大江戸流星群で偶然落ちてきた隕石に直撃しながらも生存した、奇跡の少女。
テレビや新聞とかのマスメディアはこの少女をやたらと持ち上げ、話題にした。
少女はその時まだ意識不明で、まさか自分が一躍時の人となっているとは露知らず、
意識が戻ったときのマスコミ対策の為に、わざわざ警察病院に入院させられていた。
そして、警察として俺が土方さん(クソ)と事情聴取に行ったのが、始まりだった。
病室を訪ねると、丁度本人は留守で、担当の女医から話を聞いていると、その途中で帰ってきた。
神崎さくら。
ただの一般人。
モブ。
そのはずだった。
土方さんが普通に接していたことから、恐らく気付いていない。
きょとん、として事情聴取を受けるソイツから、ずっと殺気やら狂気やらが駄々漏れしていたことを。
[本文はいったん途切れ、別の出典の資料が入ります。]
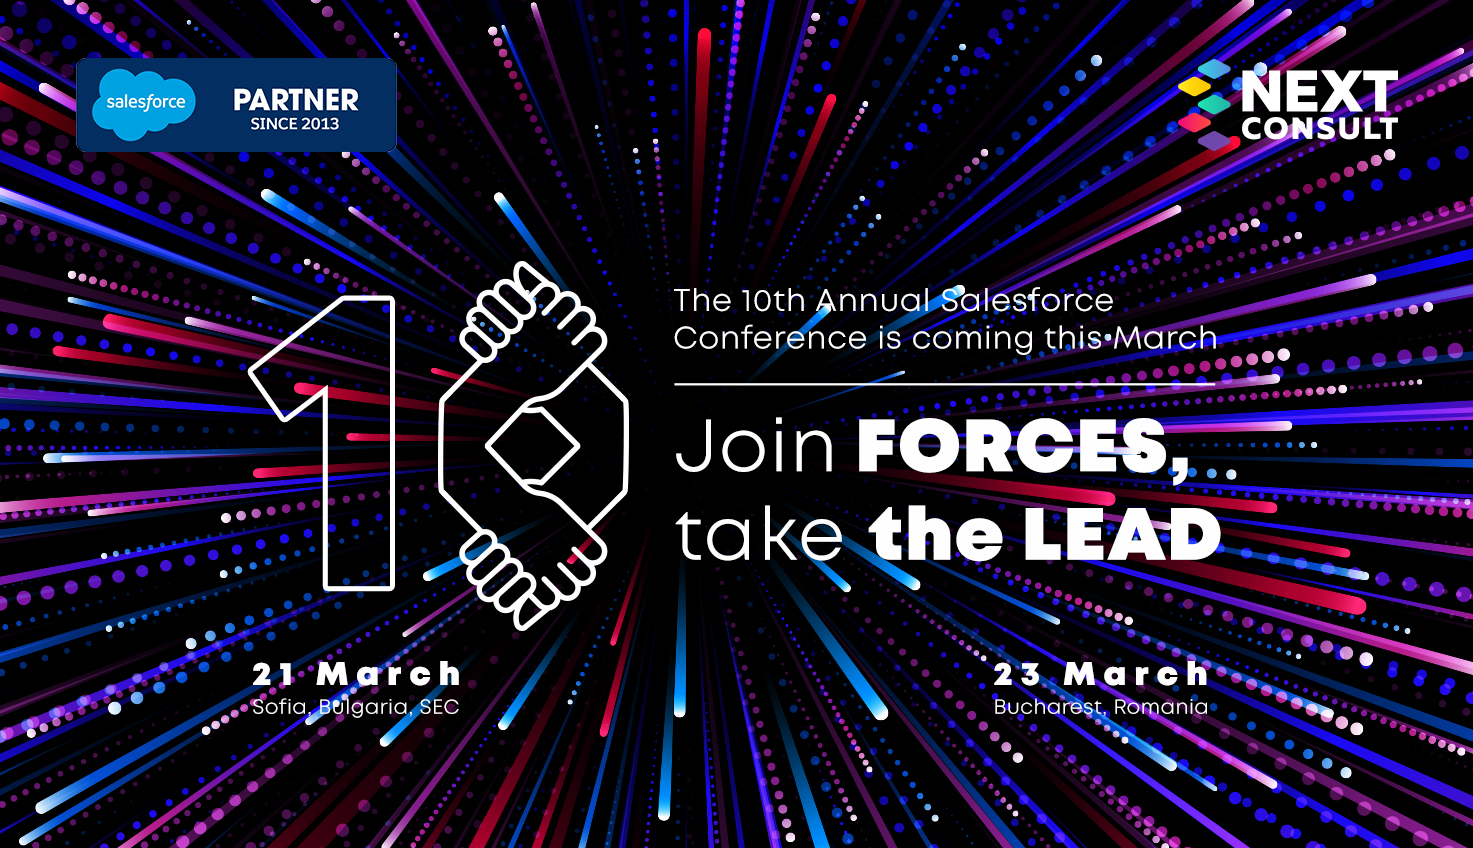 The 10th Annual Salesforce Conference is coming this March: Join FORCES together, take the LEADThe team of Next Consult is happy to announce that as part of our mission to make businesses more successful, we're holding our flagship Salesforce Conference for the 10th consecutive time - on March 21 in Sofia, Bulgaria and on March 23 in Bucharest, Romania. Next Consult has been a Salesforce partner for 10 years now.

もちろん、神崎さくらが俺らに向けているとは思えない。
体格や体力的にも、俺たちに敵うとは思わないだろう。
…危険だ。
柄にもなく、そう思ってしまった。
そして、神崎さくらはとある事件に巻き込まれ、その縁あってか、雪晶石の存在を知った。
近藤さんにえらく気の毒がられて、そのまま真選組に居候することになったが…
それでもまだ、奴から染み出るような狂気染みた殺気は消えなかった。
本人は全くそのつもりが無いようだが、
俺には分かった。
……雪晶石。
どうやら、その変な石がモブ女の心臓に絡み付き、
嫌な殺気を出している。
何度か元凶を断ってやろうと試みたが…刀を折られてお仕舞いだった。
それからと言うもの、俺はできる限り神崎さくらから目を離さなくなった。